* _Problem description_
Copy out the data below from the line containing "Orioles players perform" to the line containing "Gooseberry Varieties for", both lines included, with all images left out.

* _Dataset_
= = = = =
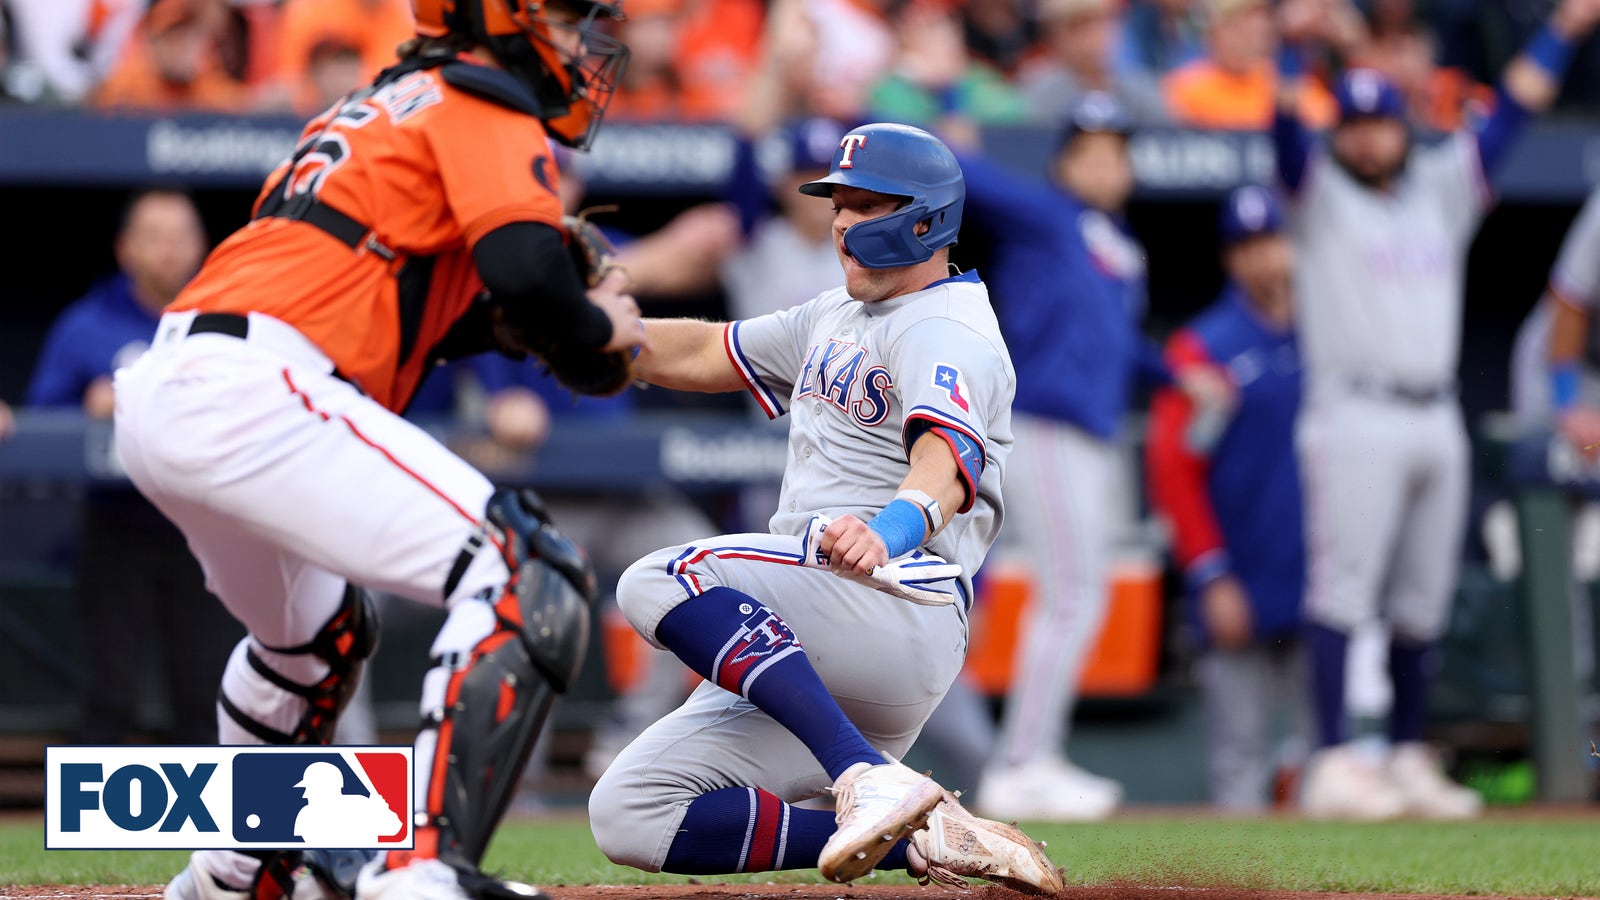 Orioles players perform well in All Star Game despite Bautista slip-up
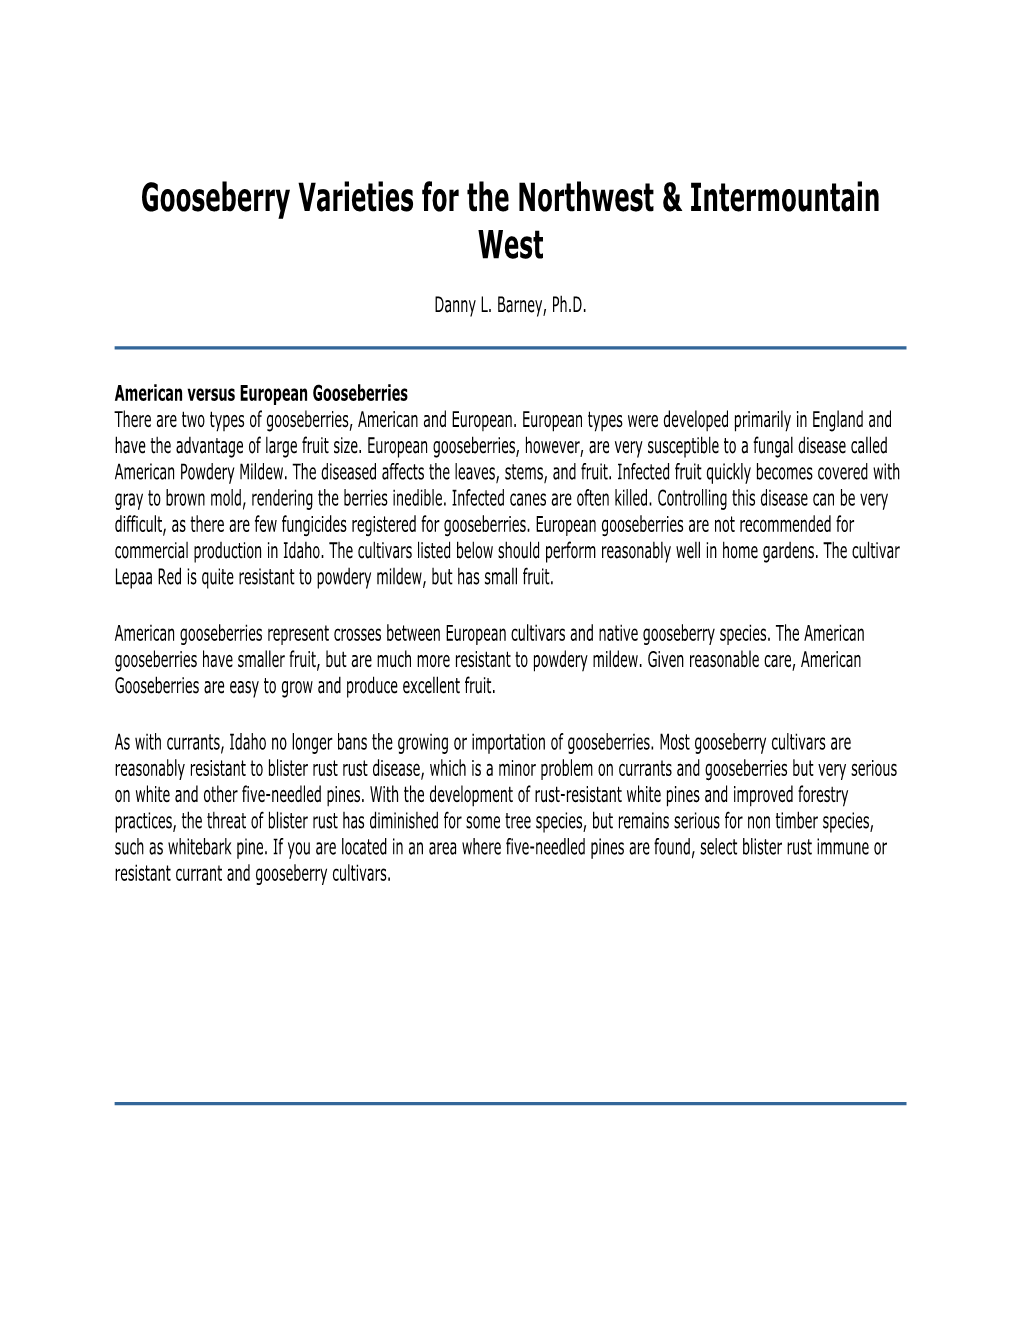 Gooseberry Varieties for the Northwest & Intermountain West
= = = = =
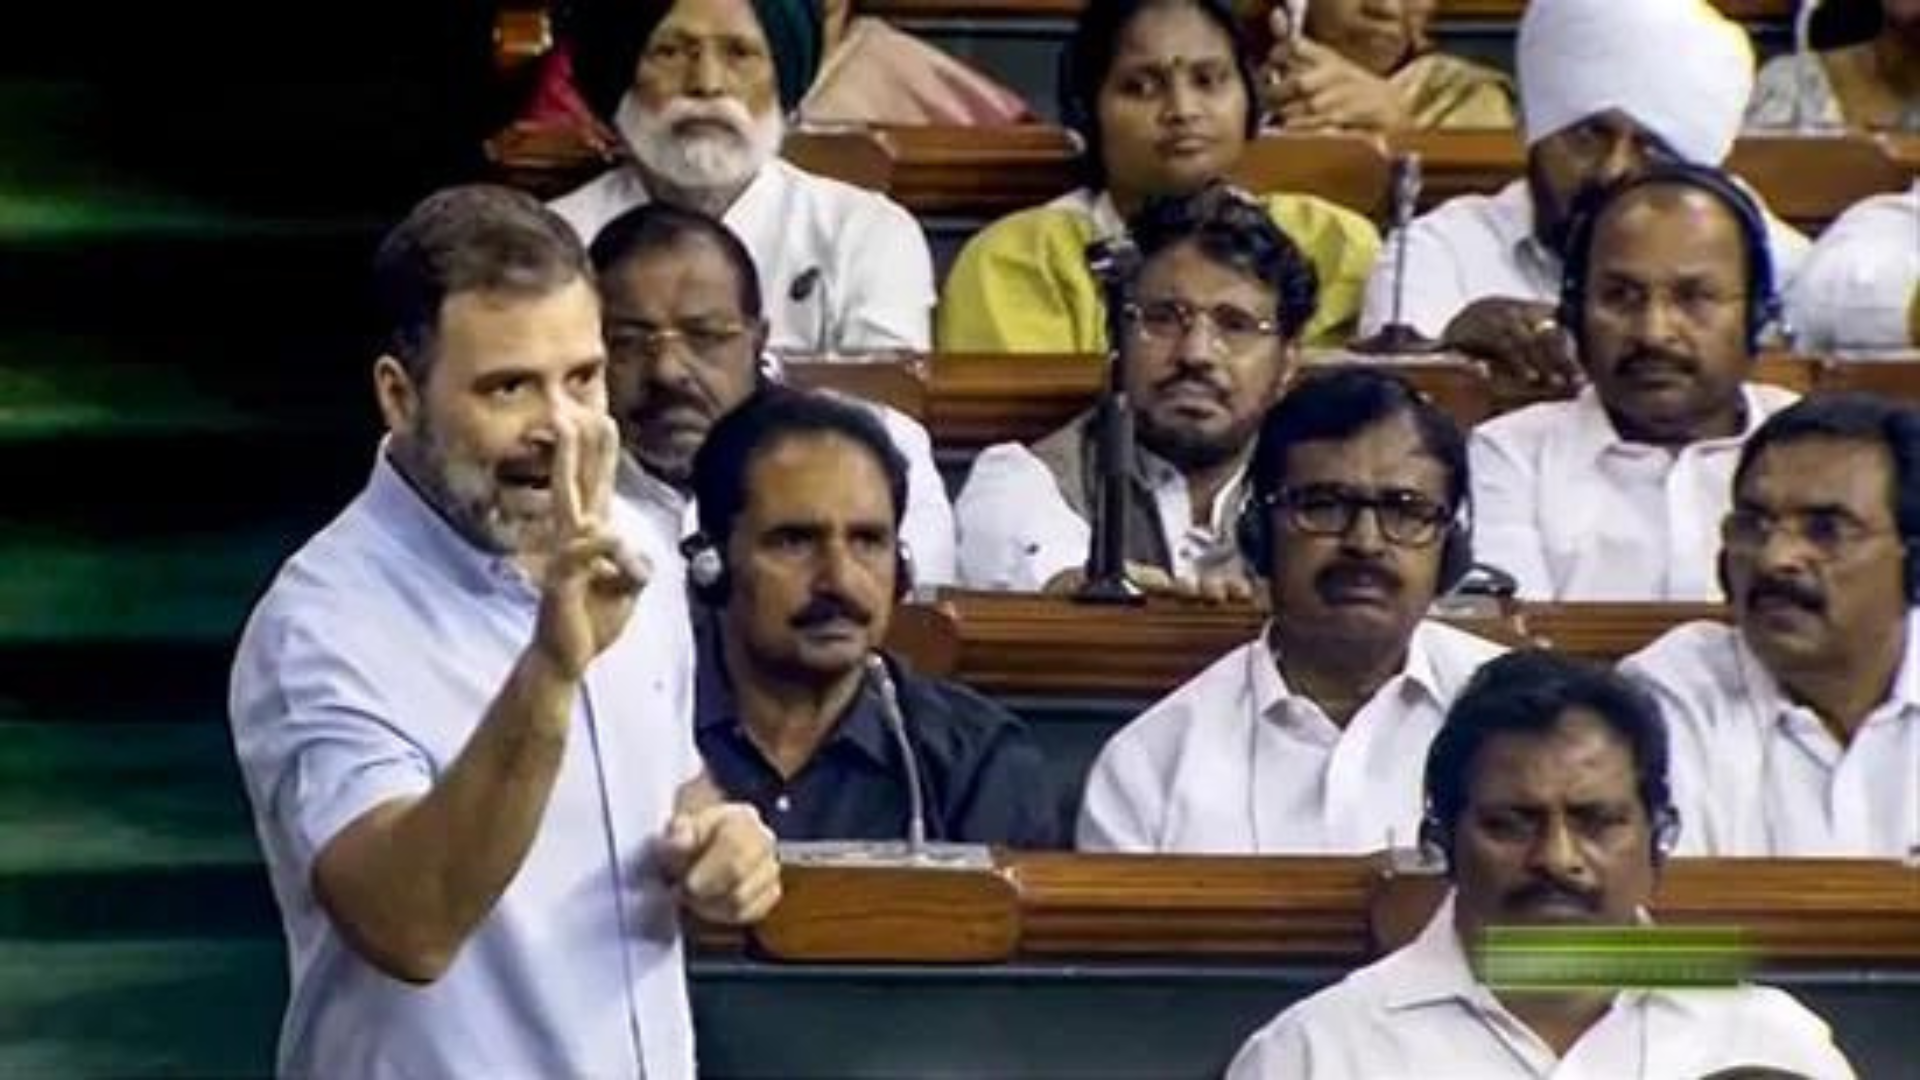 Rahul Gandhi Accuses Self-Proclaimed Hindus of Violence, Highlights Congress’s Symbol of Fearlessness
= = = = =
* _Task solution_
 Orioles players perform well in All Star Game despite Bautista slip-up
 Gooseberry Varieties for the Northwest & Intermountain West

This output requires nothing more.